Using Emacs - the good and the bad - adamc
http://www.surfaceeffect.com/thoughts/emacs

======
dryicerx
_... , though I use it exclusively as a text editor and steer clear of its
other functionalities_

This is no way to use emacs.

I think it's great more people are using emacs, but there are optimal tools
for everything. For programming languages such as C/Python/etc, emacs is quite
powerful because you can bind it to compilers and point out syntax errors
inside, have bindings to tag definitions in the depths of sources, and the
ability to run the debugger and follow the source with it. But the op is using
emacs for editing raw HTML, which I think would be more of a drag for the
programmer, and better off using a more modern editor that supports HTML and
web centric features.

His mention about M-x is the only way to access functionality is wrong. By
default it is, but you can always add new key bindings to all the functions
available, or write your own.
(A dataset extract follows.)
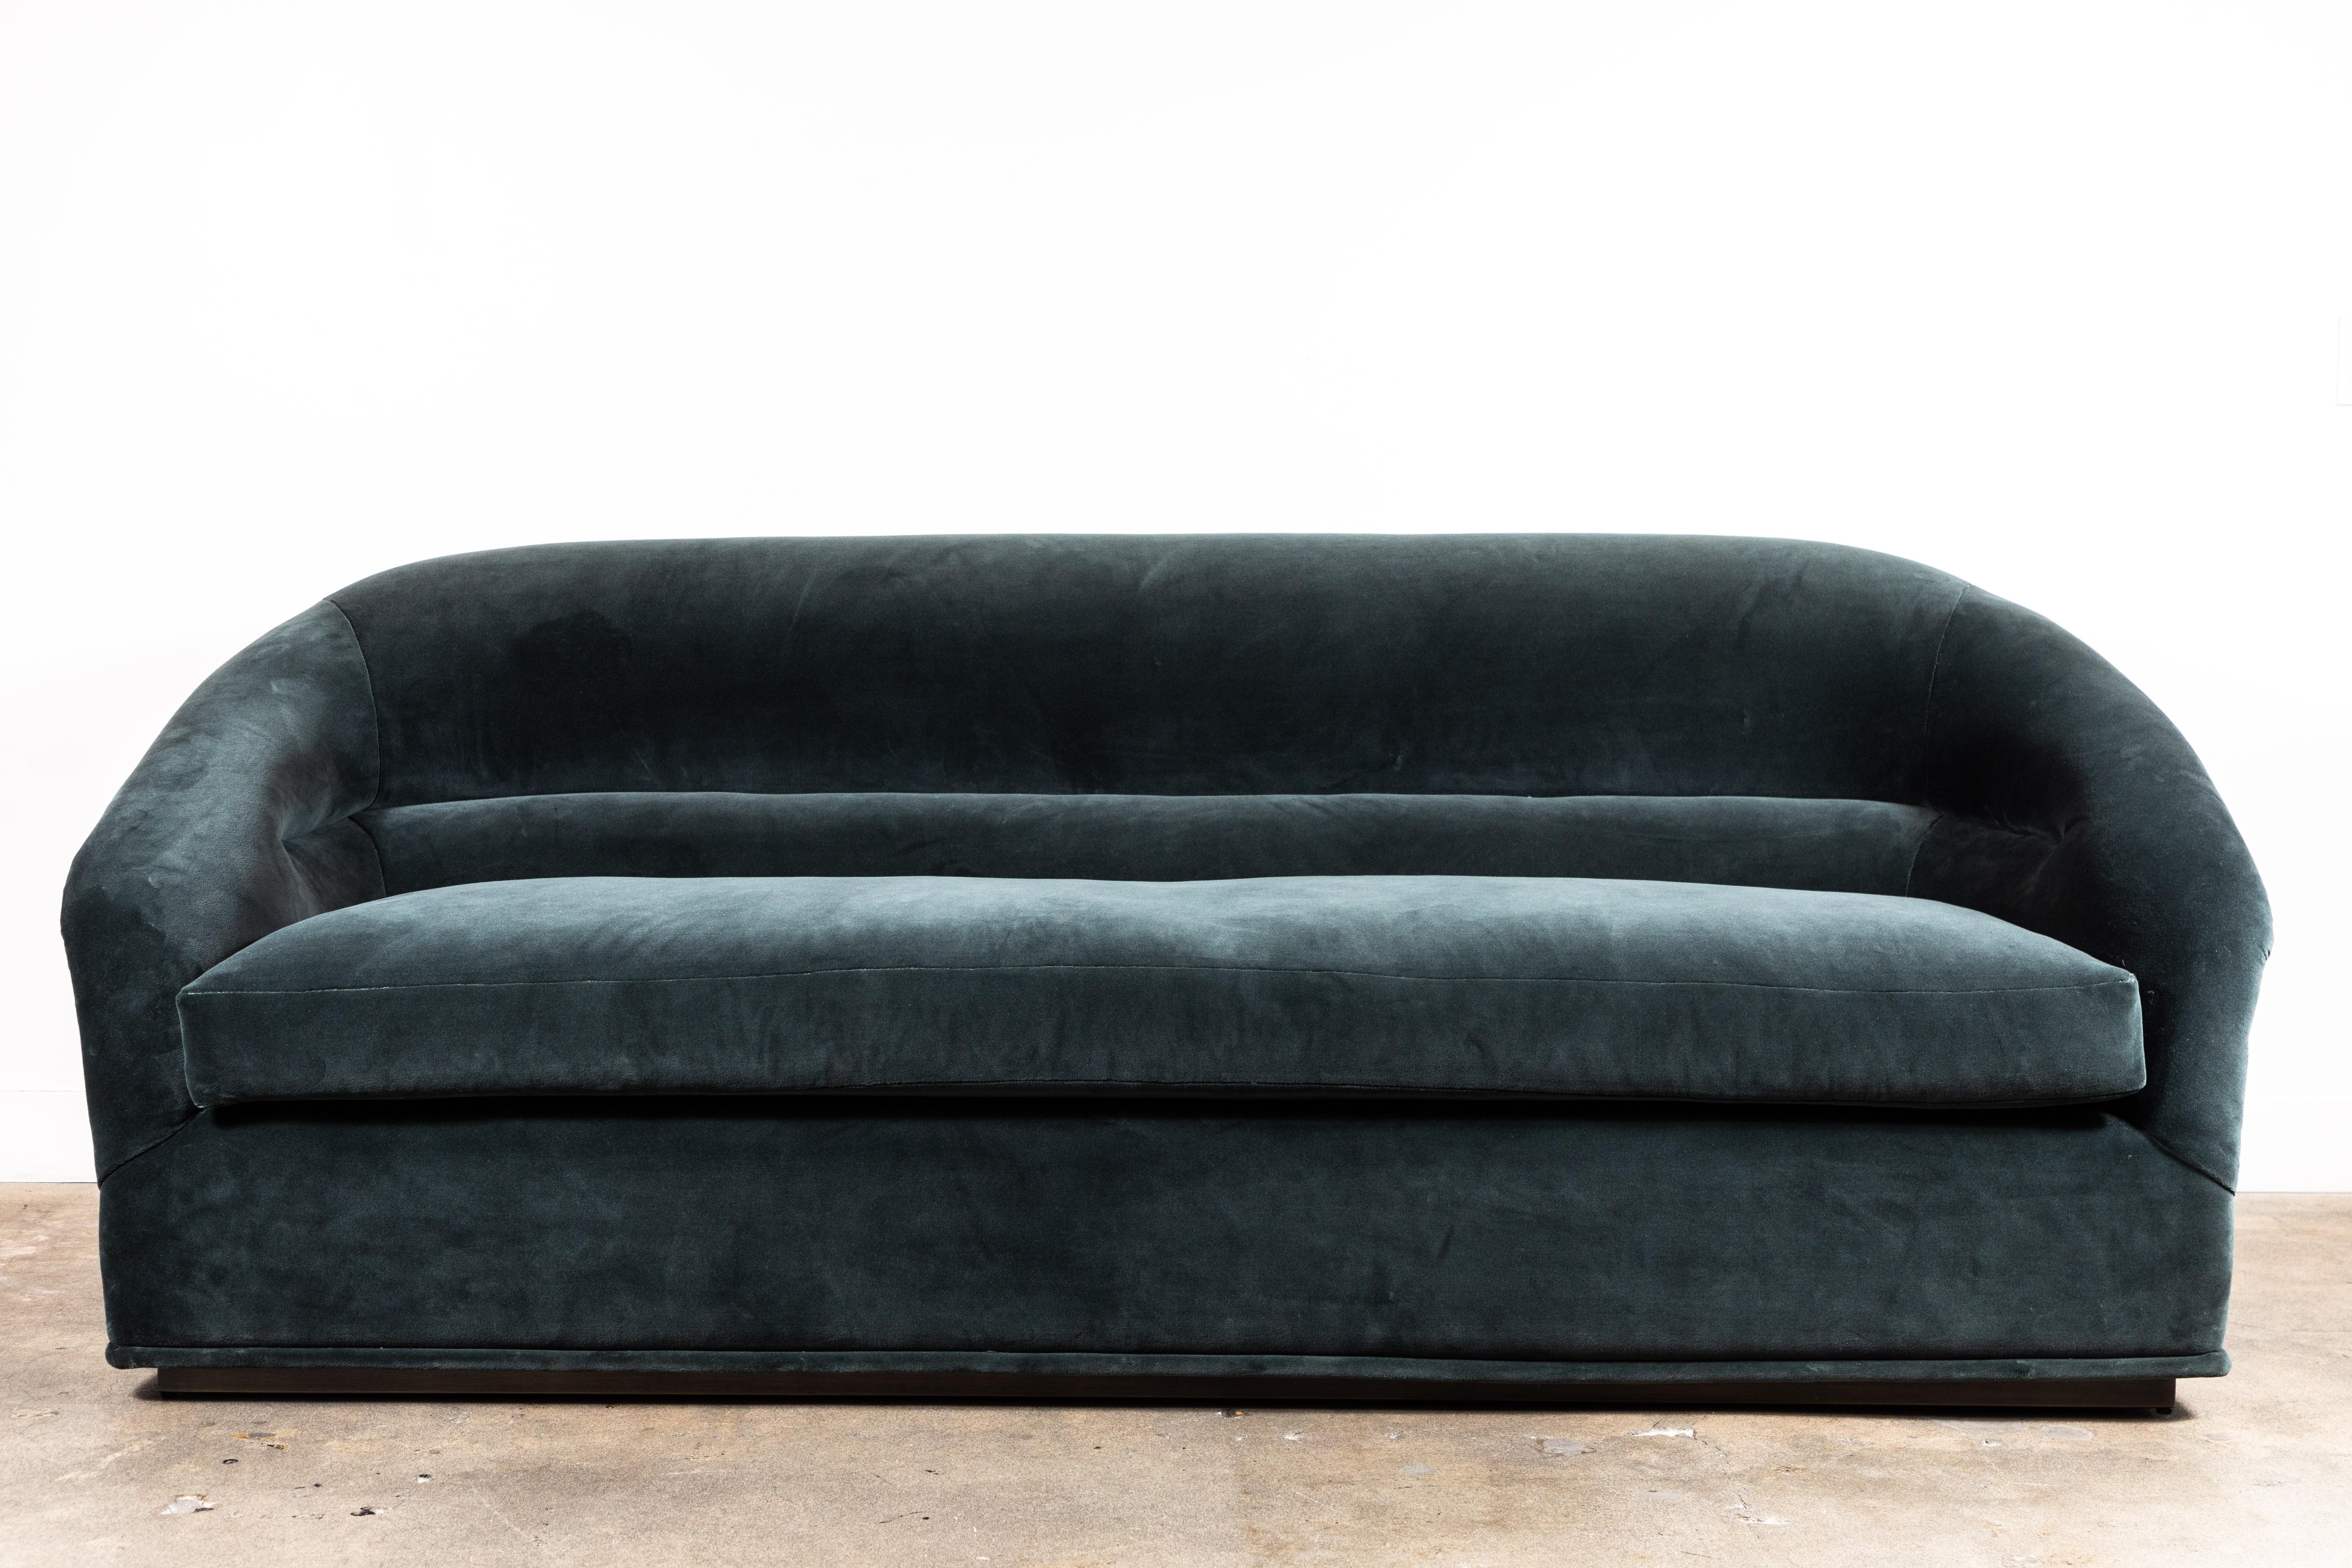 Velvet Huxley Sofa by Lawson-Fenning. The Huxley sofa is inspired by 1970s lounge furniture. A curvaceous form with a single line tuft and long seat cushion rest atop a polished brass base. 

The Lawson-Fenning Collection is designed and handmade in

If you aren't doing these already, you are
severely underusing emacs (to the point it may hinder you instead of help
you).

And he mentions the lameness of the .emacs file, but the biggest upside of it
is, one can do all the worlds customization there and take with you where ever
you go, that's the real power of it.

For any new emacs users, I highly suggest printing and hanging this reference
card somewhere nearby
[http://mentoring.csua.berkeley.edu/files/RefCards/emacs_22_r...](http://mentoring.csua.berkeley.edu/files/RefCards/emacs_22_reference_card.pdf)

And <http://www.emacswiki.org>

Long live emacs.